(DATASET CONTENT):
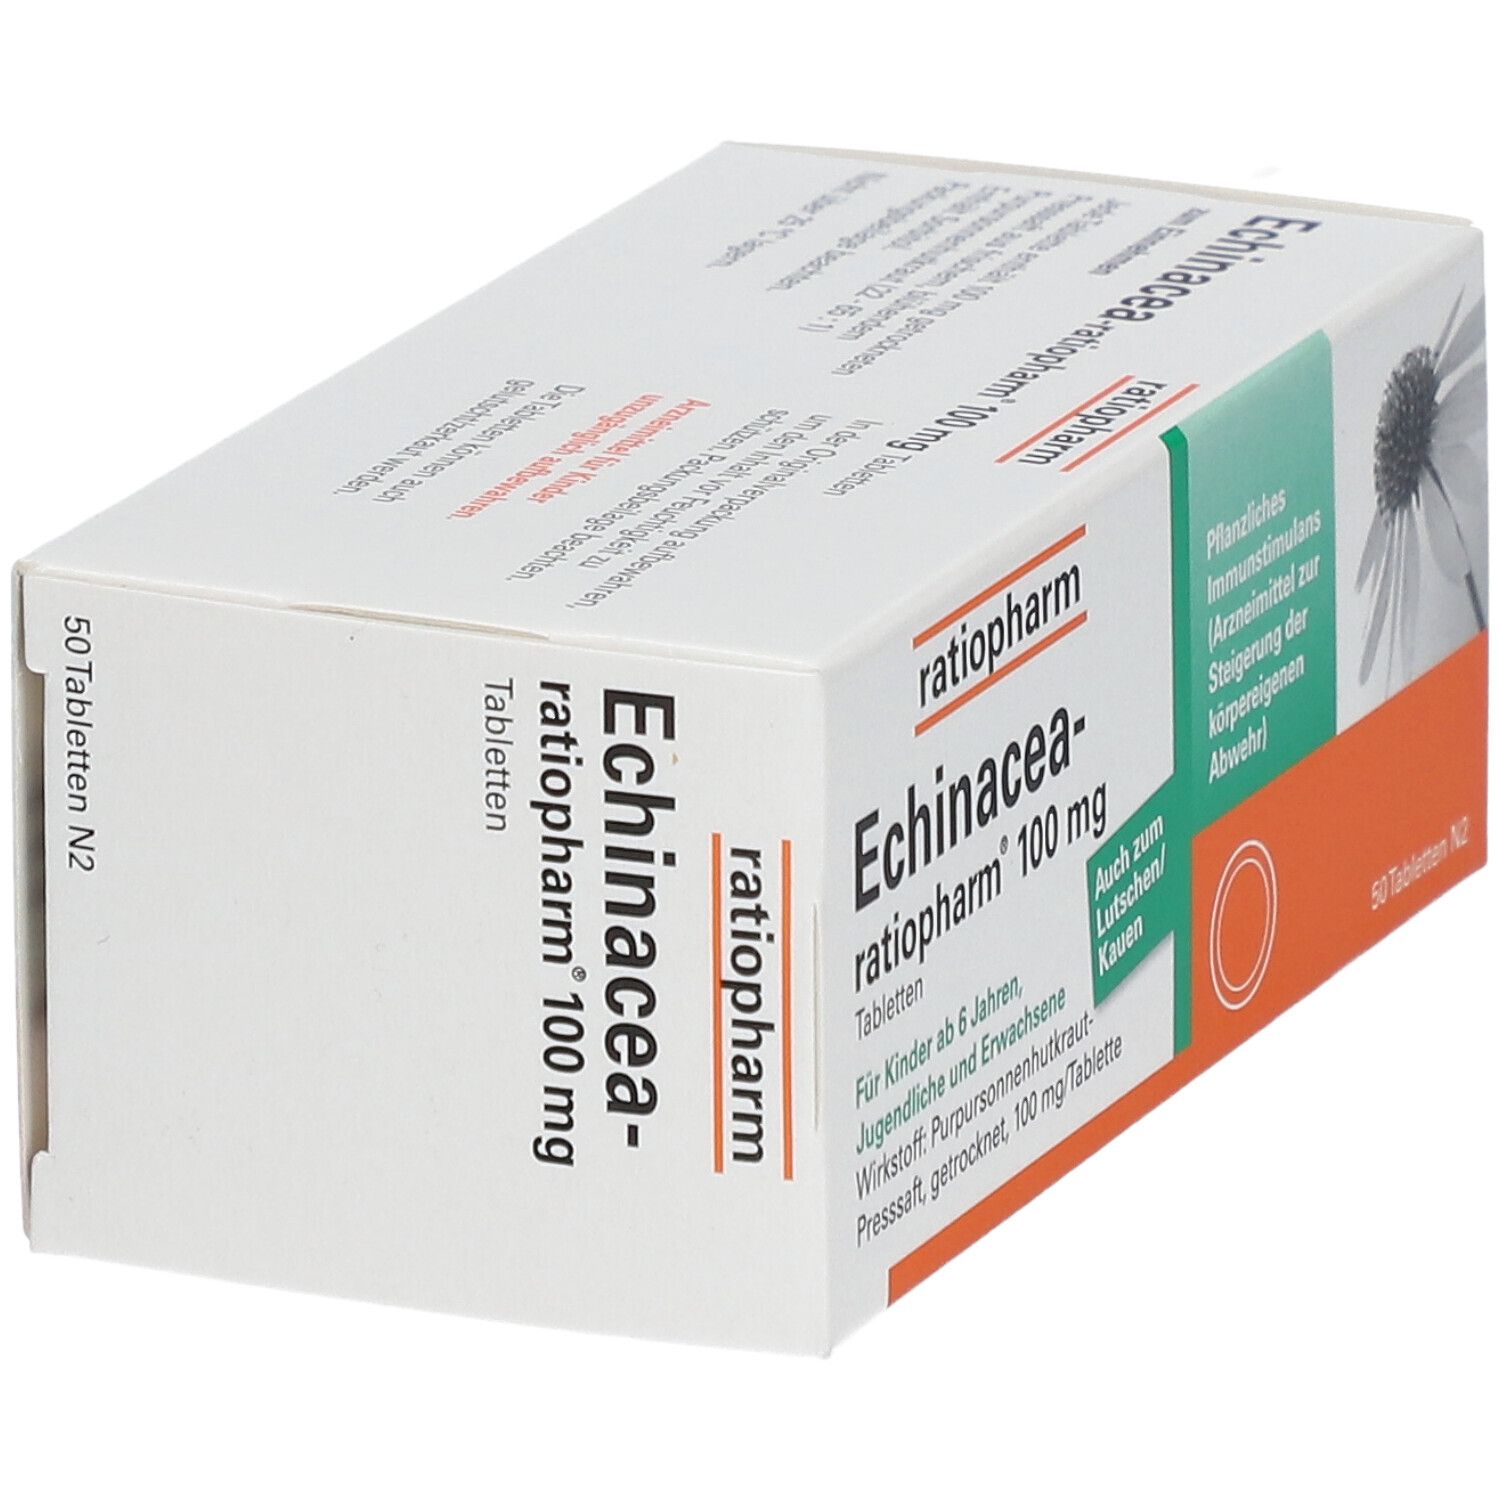 Echinacea-ratiopharm® 100 mg
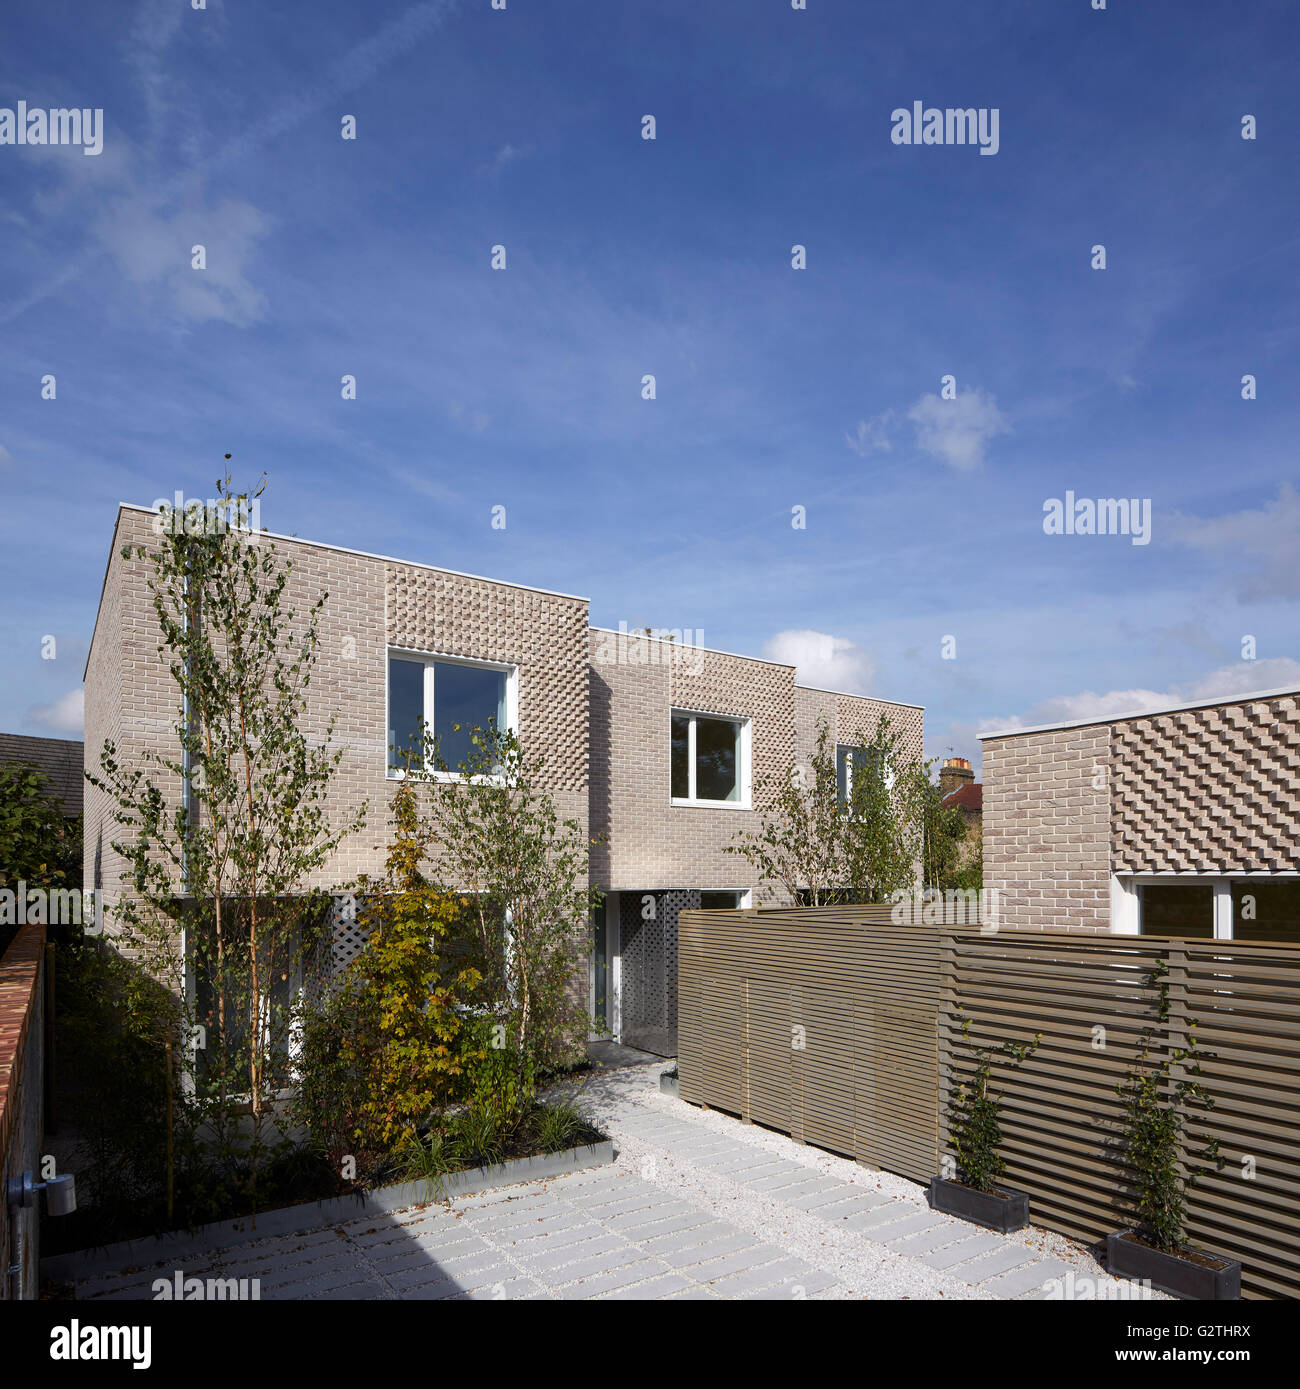 Gesamtansicht. Hindman des Yard, London, Vereinigtes Königreich. Architekt: Foster Lomas, 2015. Stockfoto
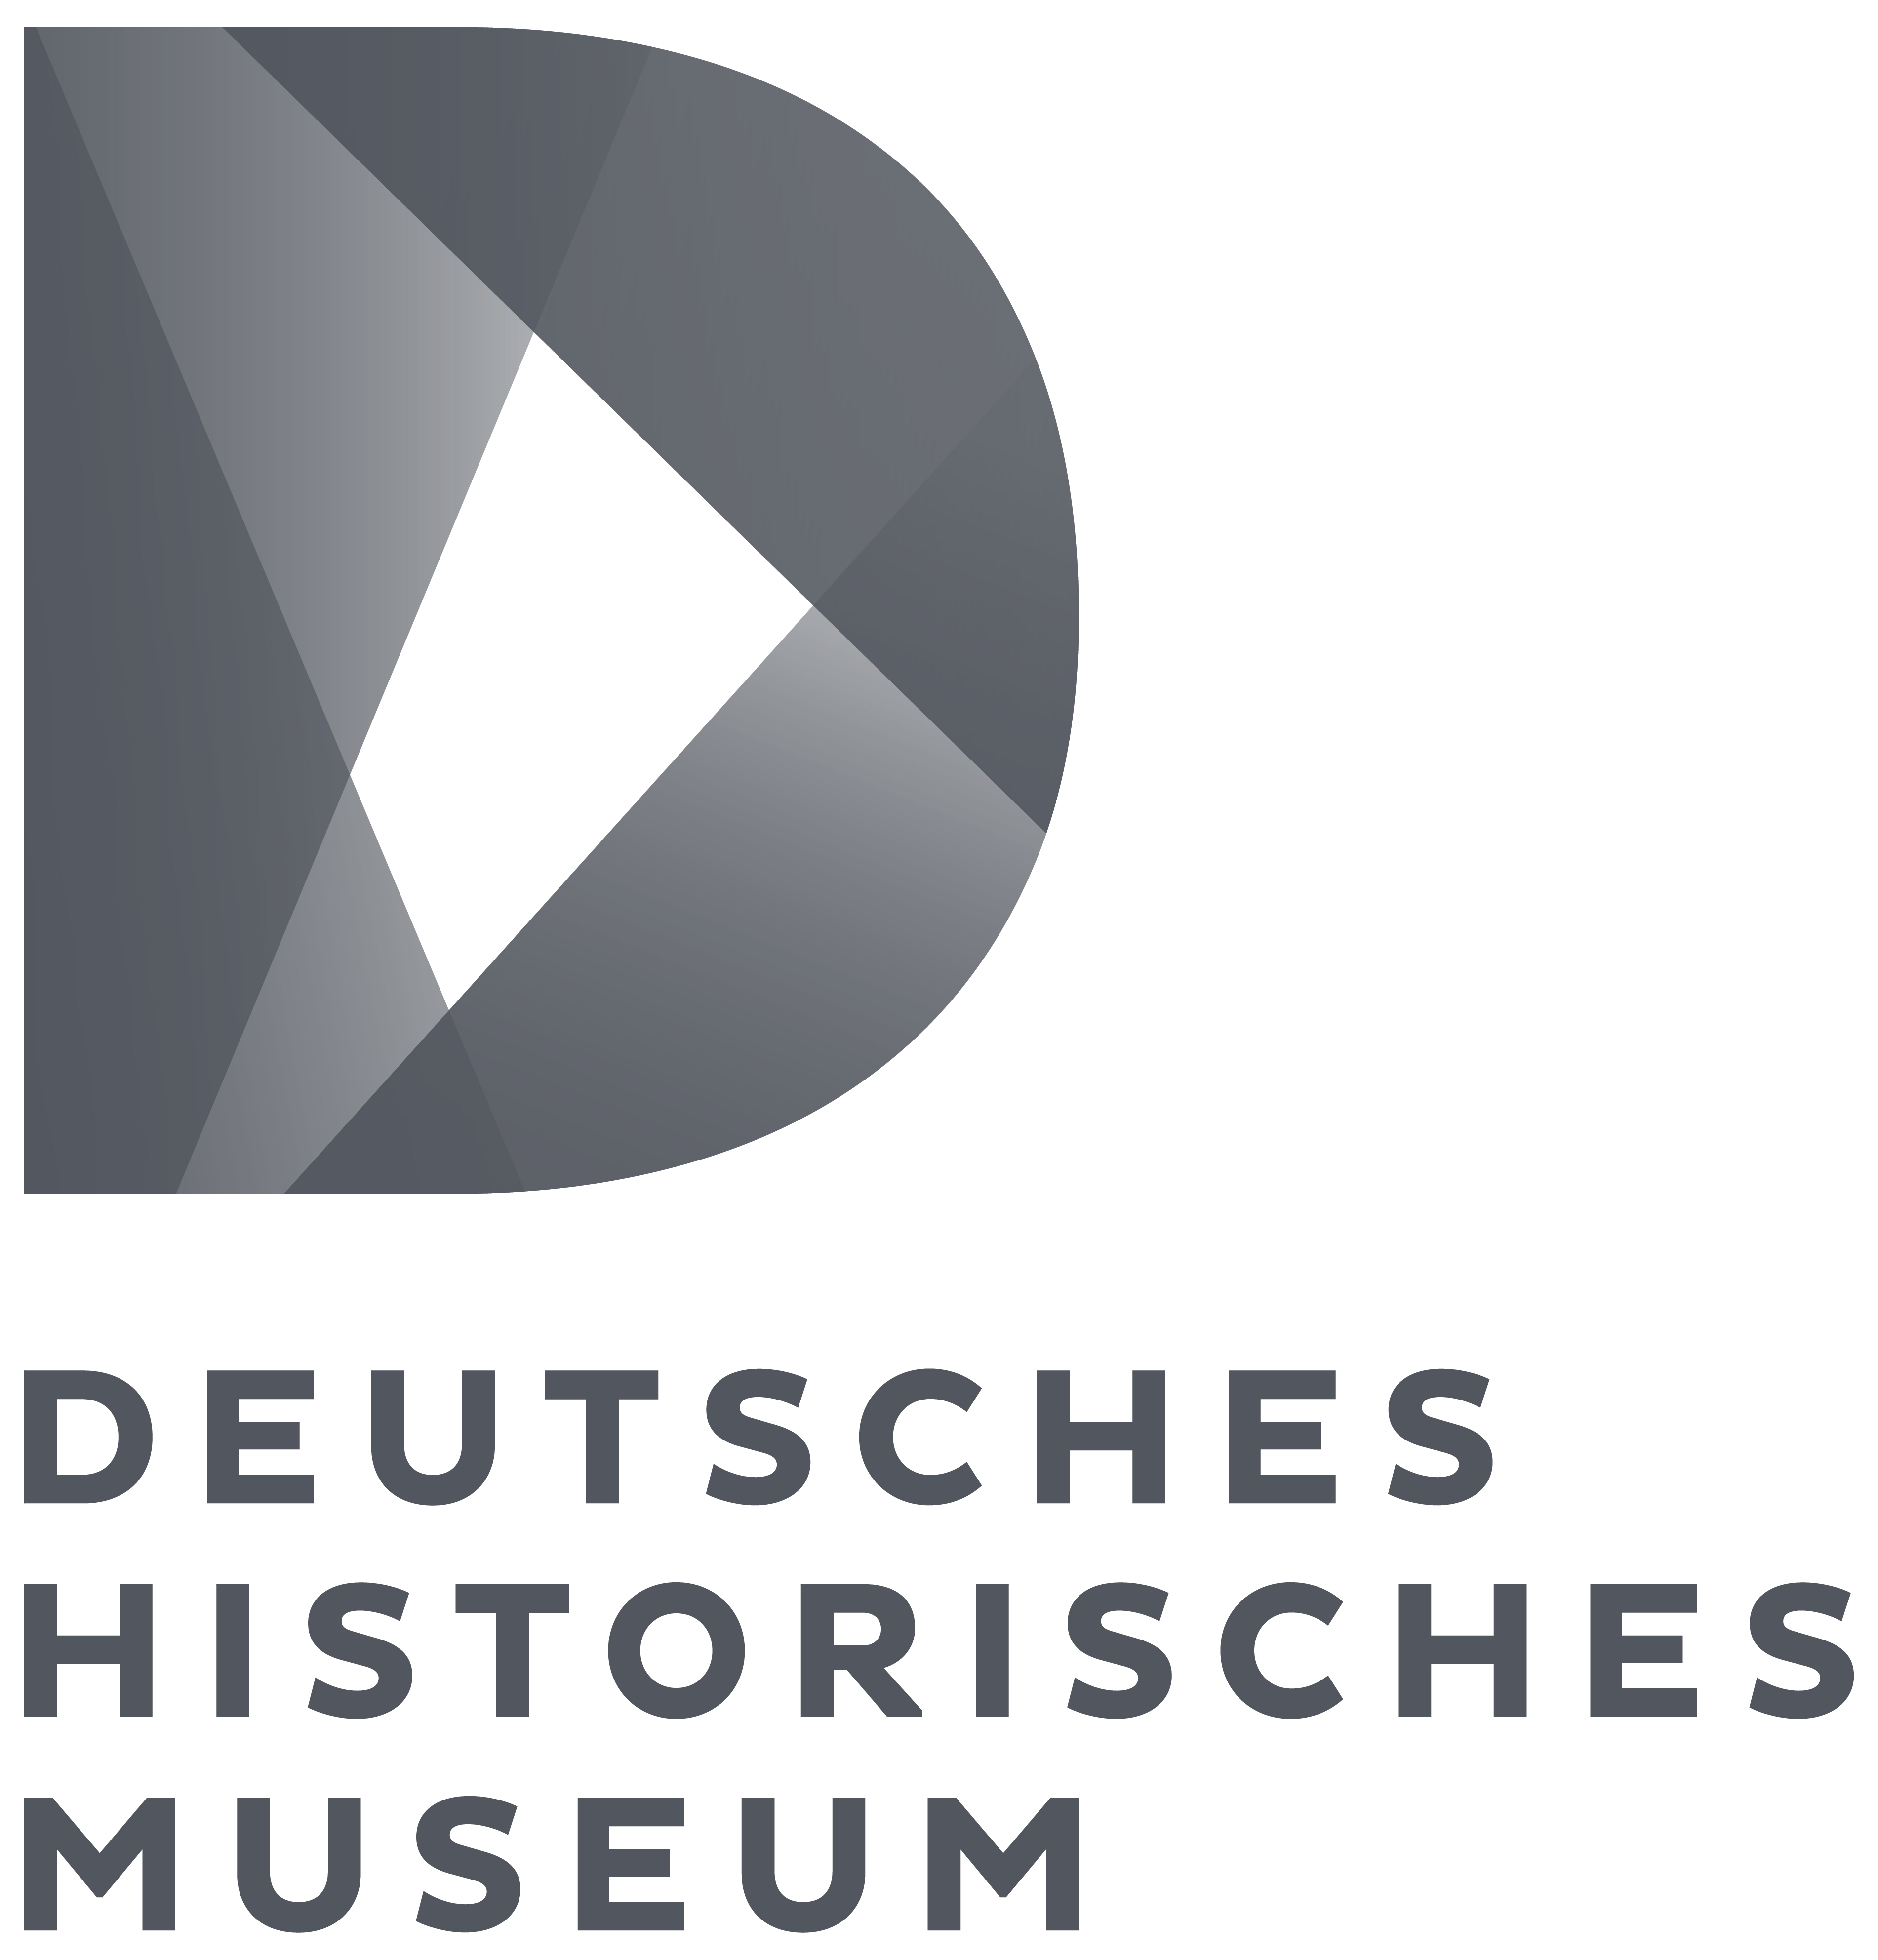 Deutsches historisches museum-p co (2)

(DIRECTIONS FOR THIS TASK):
From the line with "Gesamtansicht. Hindman des" to the last line above, restate each line word for word, but skip the pictures.

(PROBLEM SOLUTION):
 Gesamtansicht. Hindman des Yard, London, Vereinigtes Königreich. Architekt: Foster Lomas, 2015. Stockfoto
 Deutsches historisches museum-p co (2)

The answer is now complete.